JOB CUTS AT GE CAPITAL: General Electric Co. said it will cut 3,000 jobs at its GE Capital unit and exit some financing businesses to reduce expenses. GE Capital, which accounts for about 40 percent of the parent company's profit, is consolidating administration at some of its 24 businesses, such as European equipment financing. The job cuts and exiting of product lines are expected to save $400-million next year. GE Capital operates a call center in Tampa but spokesman John Oliver could not provide an estimate of current jobs there late Tuesday. Oliver said the 3,000 cuts are not specific to any geographic region or business unit. GE Capital's 90,000 employees are spread across 47 countries.

PRICEWATERHOUSE NAMES CEO: PricewaterhouseCoopers has named Samuel DiPiazza Jr. global chief executive, effective Jan. 2. DiPiazza, 51, replaces Jim Schiro, who in June said he would retire as soon as a successor was found. DiPiazza has been chairman and senior partner of the company's U.S. firm since August 2000. PricewaterhouseCoopers will hold an election to replace DiPiazza as U.S. chairman and senior partner.

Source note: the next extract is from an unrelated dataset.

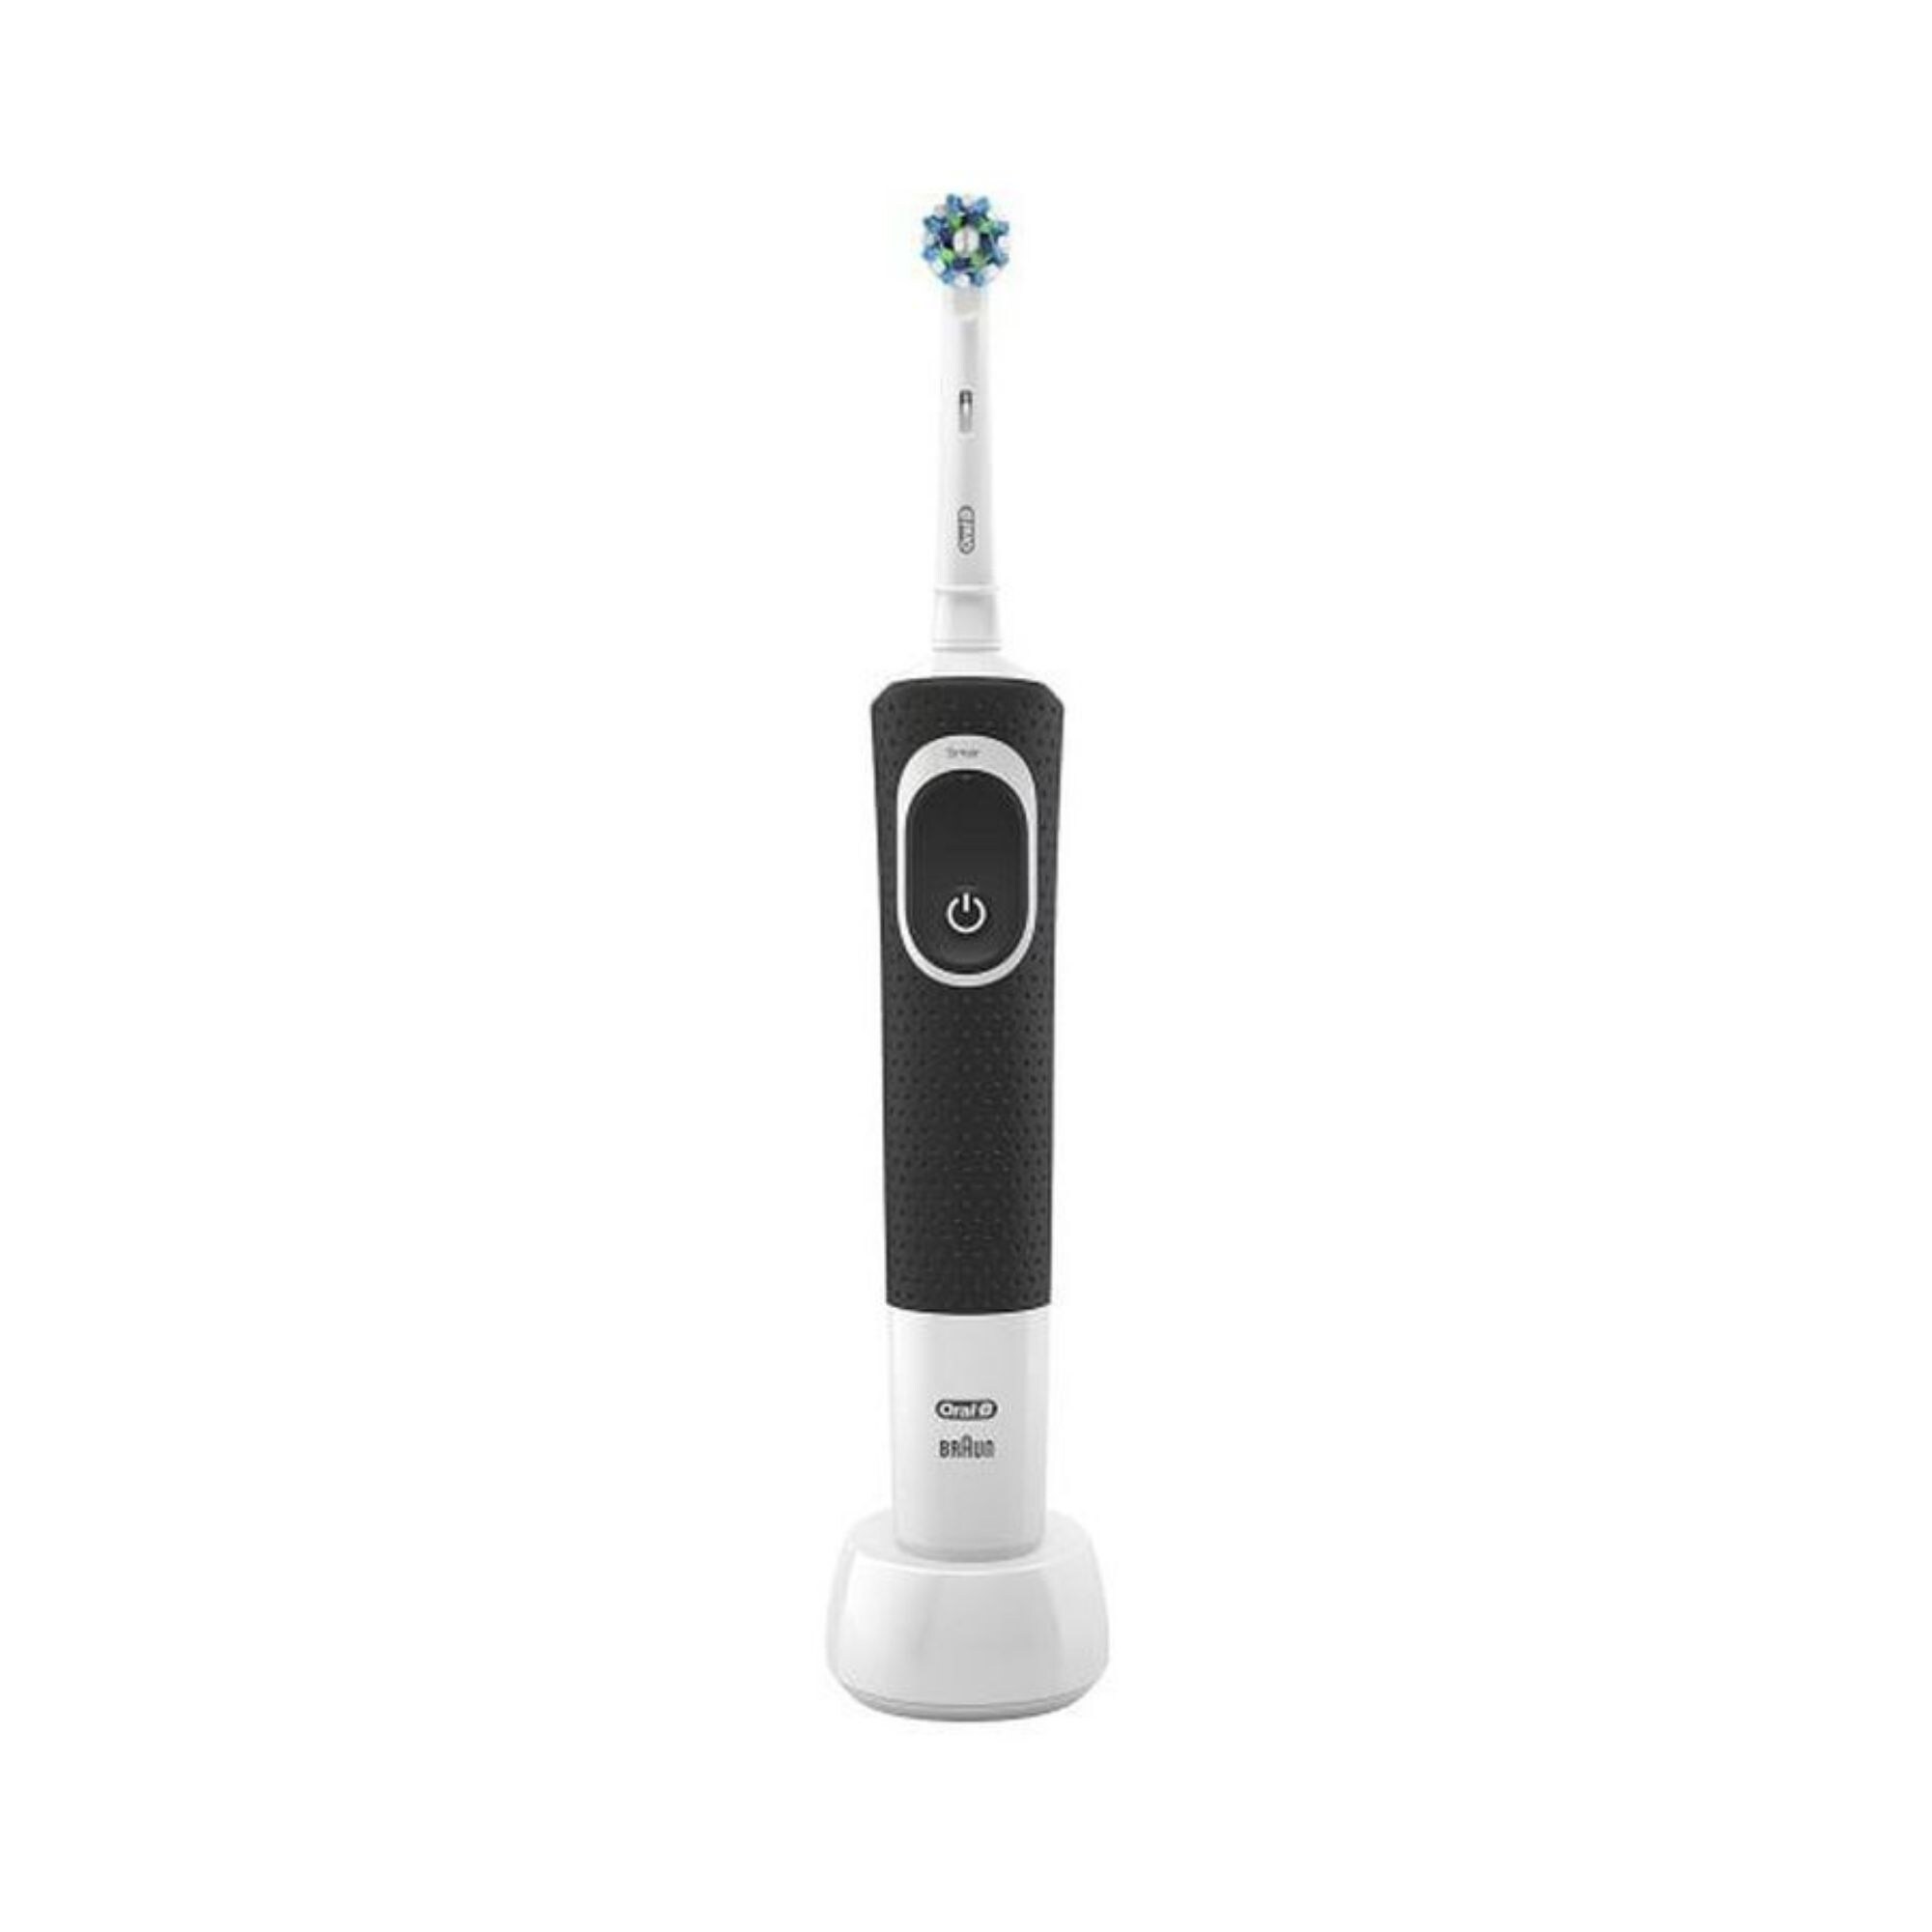 Oral-B Vitality Cross Action Electric Toothbrush, Black and White

HUNTINGTON MAINTAINS FORECAST: Huntington Bancshares reiterated its estimates for the fourth quarter, but said the bank expects higher loan losses as the U.S. economy weakens. The estimates for the quarter of 29 cents a share to 31 cents don't include costs of a reorganization plan the company announced in July. Analysts expect the bank to earn 30 cents a share. The company said it will add $50-million to its loan-loss reserves in the quarter. "The economic outlook is more negative today than two months ago," chief executive Thomas Hoaglin said. "Fourth quarter results will reflect additional credit quality deterioration." Huntington shares rose 10 cents to $16.54.

OFFICEMAX TO CLOSE STORES: OfficeMax Inc. said it will close 40 stores despite an improvement in same-store sales in the fourth quarter. Operating results in the fiscal quarter ending Jan. 26 are "substantially better" than the third quarter, chief executive Michael Feuer said. Sales at stores open a year or more fell 2.4 percent, less than a 7.9 percent decline in the third quarter. OfficeMax nonetheless still expects a loss for the quarter. The stores to be closed will be in locations "no longer economically and strategically viable," Feuer said, though specific sites and closing dates have not yet been determined. Shares rose 63 cents to $4.15.

PORT AUTHORITY PICKS CHAIRMAN: The Tampa Port Authority board elected Ruskin dentist Joseph Diaz as its new chairman. Diaz was Gov. Jeb Bush's+

first appointment to the port board in 1999. Last week, Bush named Gladstone "Tony" Cooper of Temple Terrace to the board. He replaced Fassil Gabremariam, who served eight years but did not seek reappointment.